Todo suena como1 una vacía disputa verbal: ¿se hace coincidir lo psíquico con lo
consiente o debe extendérselo más allá? No obstante, puedo asegurarles que con
el supuesto de que existen propensos anímicos inconscientes se ha iniciado una
reorientación decisiva en el mundo y en la ciencia. Menos todavía pueden ustedes
sospechar cuan estrecho es el lazo que une esta primera audacia del psicoanálisis
con la segunda, que ahora mencionaré. Este segundo enunciado que el
psicoanálisis proclama como uno de sus hallazgos contiene, en efecto, la
aseveración de que mociones pulsionales que no pueden designarse sino como
sexuales, en sentido estricto y en sentido lato, desempeñan un papel
enormemente grande, hasta ahora no apreciado lo suficiente, en la causación de
las enfermedades nerviosas y mentales. Y, más aún, que esas mismas mociones
sexuales participan, en medida que no debe subestimarse, en las más elevadas
creaciones culturales, artísticas y sociales del espíritu humano. Según mi
experiencia la repulsa por este resultado de la investigación psicoanalítica es la
fuente más importante de la resistencia con que ella ha chocado. ¿Quieren saber
cómo nos explicamos este hecho? Creemos que, bajo el acicate del apremio de la
vida, la cultura fue creada a expensas de la satisfacción pulsional, y en buena
parte es recreada siempre de nuevo en la medida en que los individuos que van
ingresando en la comunidad de los hombres repiten, en favor del todo, ese
sacrificio de satisfacción pulsional. Entre las fuerzas pulsionales así empleadas,
las pertenecientes a las mociones sexuales desempeñan un importante papel; en
ese proceso son sublimadas, vale decir, desviadas de sus metas sexuales y
dirigidas hacia otras, que se sitúan socialmente en un plano más elevado y ya no
son sexuales. Pero esta construcción es lábil; las pulsiones sexuales no quedan
bien domadas, y en todo individuo que debe sumarse a la obra cultural subsiste el
peligro de que sus pulsiones sexuales se rehúsen a ese empleo. La sociedad no
discierne amenaza mayor a su cultura que la eventual emancipación de las
pulsiones sexuales y el regreso de ellas a sus metas originarias.7
Por eso no gusta de que se la alerte sobre esa delicada pieza de su basamento,
no tiene interés alguno en que se reconozca la fuerza de las pulsiones sexuales y
se ponga en claro la importancia que la vida sexual posee para los individuos; más
bien, con propósito pedagógico, opta por desviar la atención de todo ese ámbito.
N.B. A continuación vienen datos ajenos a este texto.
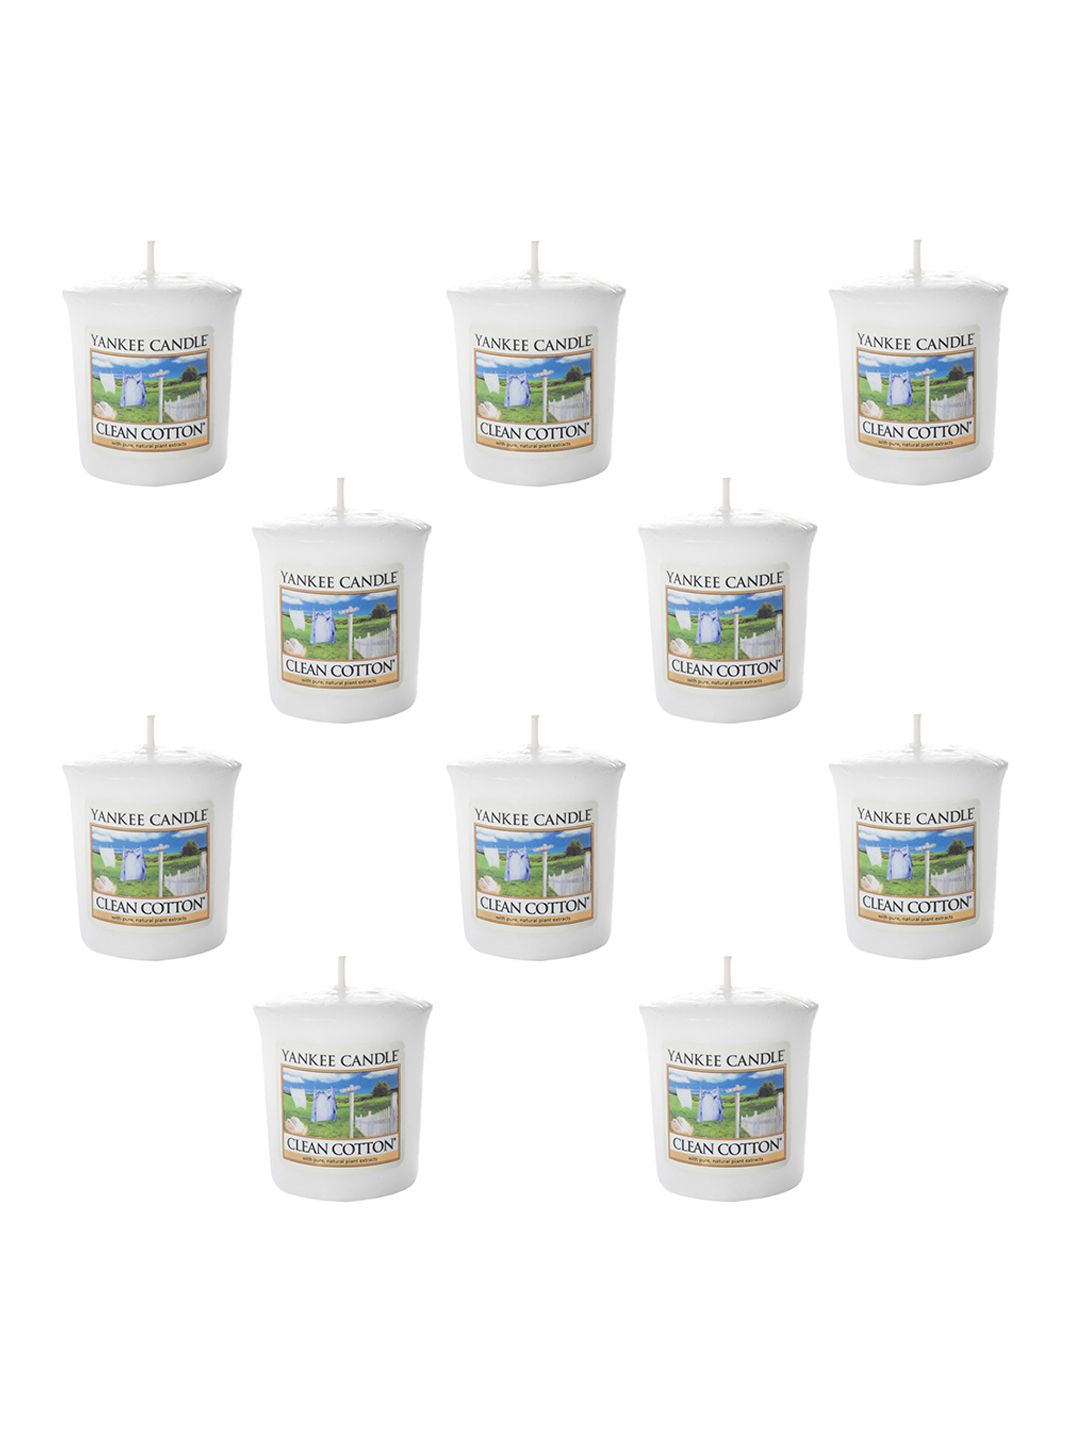 YANKEE CANDLE Set Of 10 Votive Clean Cotton Scented Candles Price in India

Por eso no soporta el mencionado hallazgo de la investigación psicoanalítica, y
daría cualquier cosa por ponerle el marbete de repulsivo en lo estético, de
vituperable en lo moral, o de peligroso. Pero nada puede hacerse con tales
objeciones contra un hallazgo del trabajo científico que se supone objetivo. Si es
que ha de expresarse en voz alta esa contradicción, debe transponérsela al
ámbito intelectual. Ahora bien, es propio de la naturaleza humana el inclinarse por
tachar de incorrecto algo que no gusta, y después es fácil hallar argumentos en su
contra. La sociedad convierte entonces lo ingrato en incorrecto y pone en
entredicho las verdades del psicoanálisis con argumentos lógicos y fácticos, pero
lo hace a partir de fuentes afectivas y sostiene estas objeciones, en calidad de
prejuicios, contra todo intento de réplica. Ahora bien: nosotros, estimadas señoras
y señores, podemos decir que cuando formulamos ese enunciado que se nos
objeta no perseguíamos ningún propósito tendencioso. No quisimos sino expresar
algo que pertenece al orden de los hechos y que, mediante un empeñoso trabajo,
creímos haber reconocido. Y ahora exigimos también el derecho de mantener
lejos del trabajo científico la injerencia de tales prevenciones prácticas, y ello
incondicionalmente, aun antes de que hayamos averiguado si se justifica o no se
justifica el temor que pretende dictárnoslas.
Muy bien, esas serían algunas de las dificultades que les saldrían al paso si
ustedes se ocuparan del psicoanálisis. Quizás es más que suficiente para
empezar. Si pueden sobreponerse a la impresión que ellas les han causado,
habremos, por nuestra parte, de continuar.